Quote from: ataradov on December 27, 2019, 05:27:00 pm

Well, what is in the main set and what is an extension is a matter of preference. If you include everything into the basic set, then you will make basic implementations of the ISA much harder. And I personally appreciate the simplicity and ease of implementation of the basic set.

Well of course not everyone will have the same opinion of what should be the minimal set, and it will largely depend on the kind of code they tend to work on.
The RISC-V idea is to put a minimal subset in the base set (I/E), which you can implement everything with (except for the more hardware-related extensions such as"A"). Additional extensions (except again the hardware-related ones) are for performance only. You can absolutely implement FP in software with RV32/64I for instance.

So yes it all comes down to what you consider important for performance or not. As I said, for instance I wouldn't have a problem with bit manipulation having its own extension (although I may have done it differently, but that's preferences as you said). I just think it's past time it would get defined. I understand the whole idea of statistically evaluating the use of given instructions and decide which ones to include based on that, but I also think this approach is not without flaws.
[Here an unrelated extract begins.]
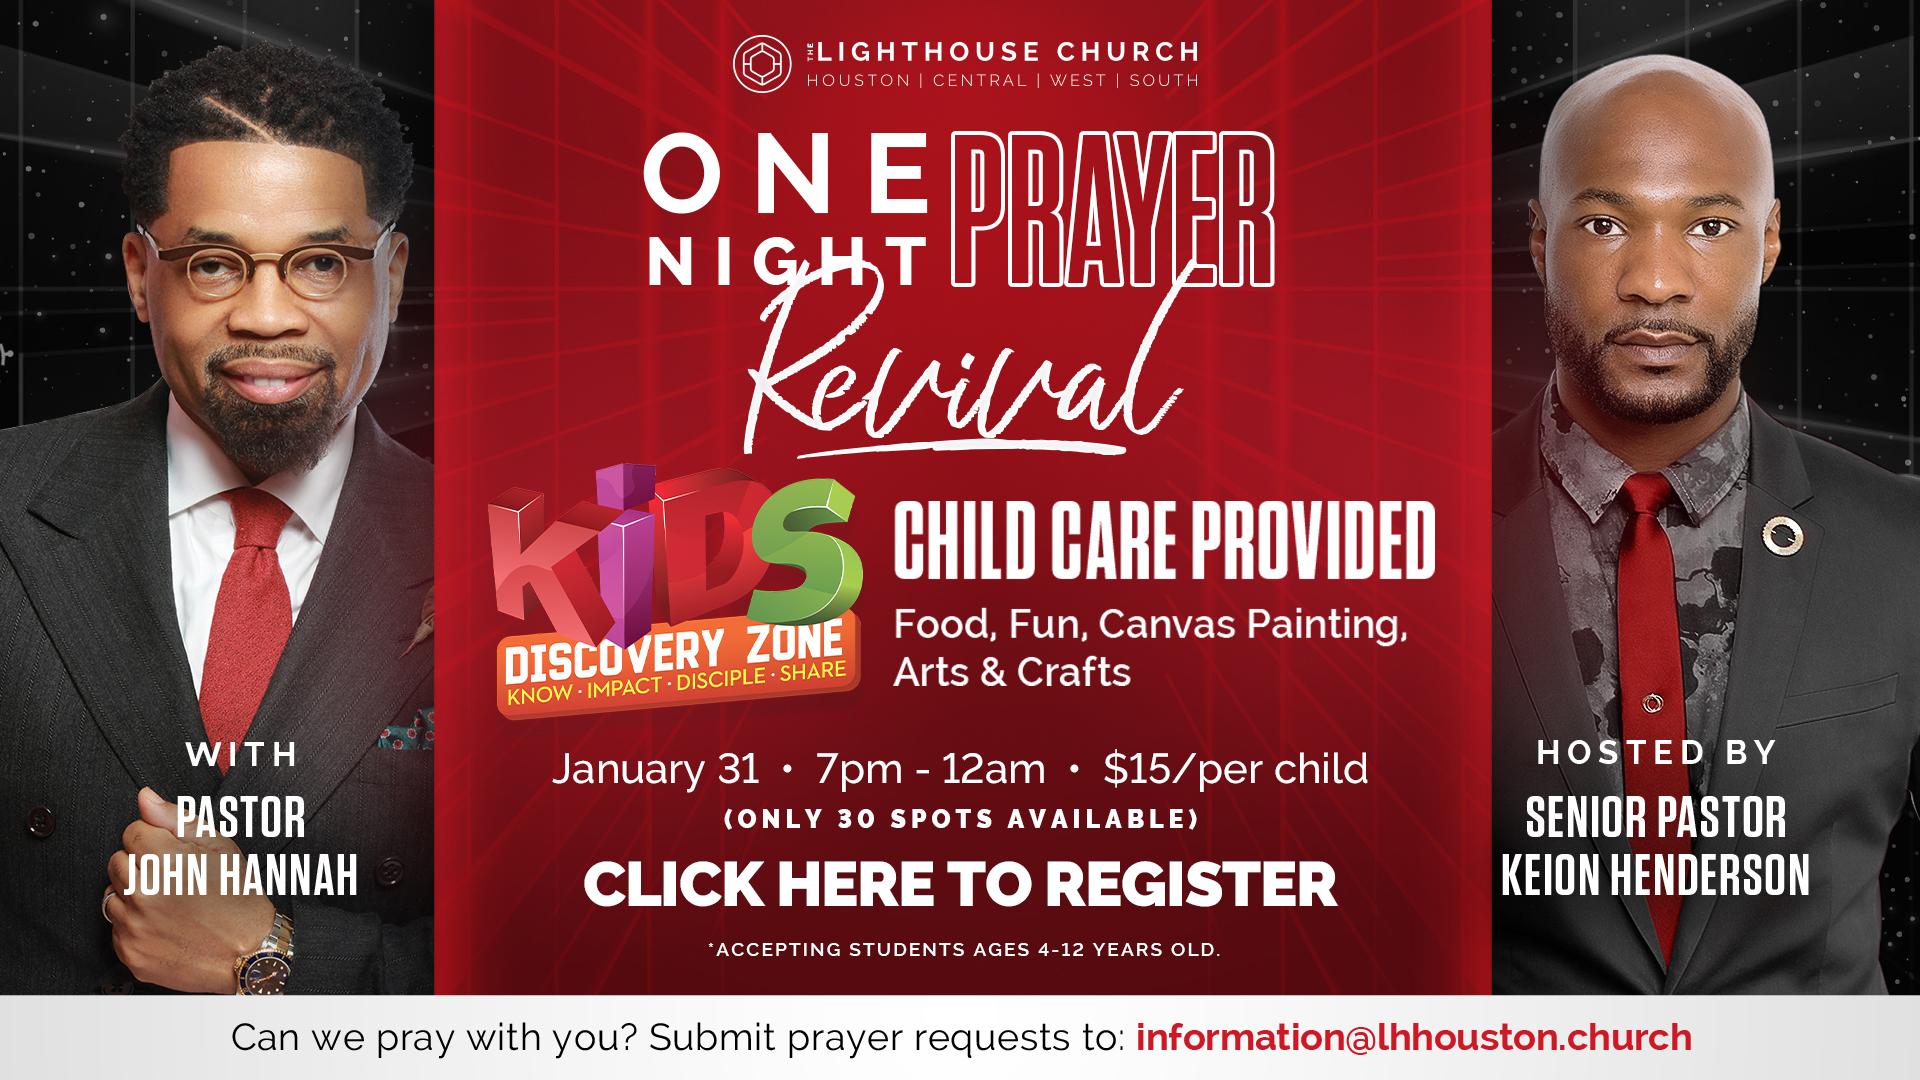 One Night Prayer

Quote from: ataradov on December 27, 2019, 05:27:00 pm

There are no advanced instructions in Cortex-M0+ either. You just go to the higher end core when you need them. Same with RISC-V, you go to a core that also implements an extension.

OK, but the difference here is not as drastic. Cortex M0 has (I don't know the difference with M0+? is the IS smaller than in the M0?) "add with carry" instructions and clz (I think), for instance, which were in question here.

Quote from: ataradov on December 27, 2019, 05:27:00 pm

Yes, it sucks that extensions sit undefined for years. I believe the main stopping point here is lack of confidence in that specific implementation or a set of instructions are good. Hopefully that with more and more RISC-V devices appearing, there will be more push to standardize things.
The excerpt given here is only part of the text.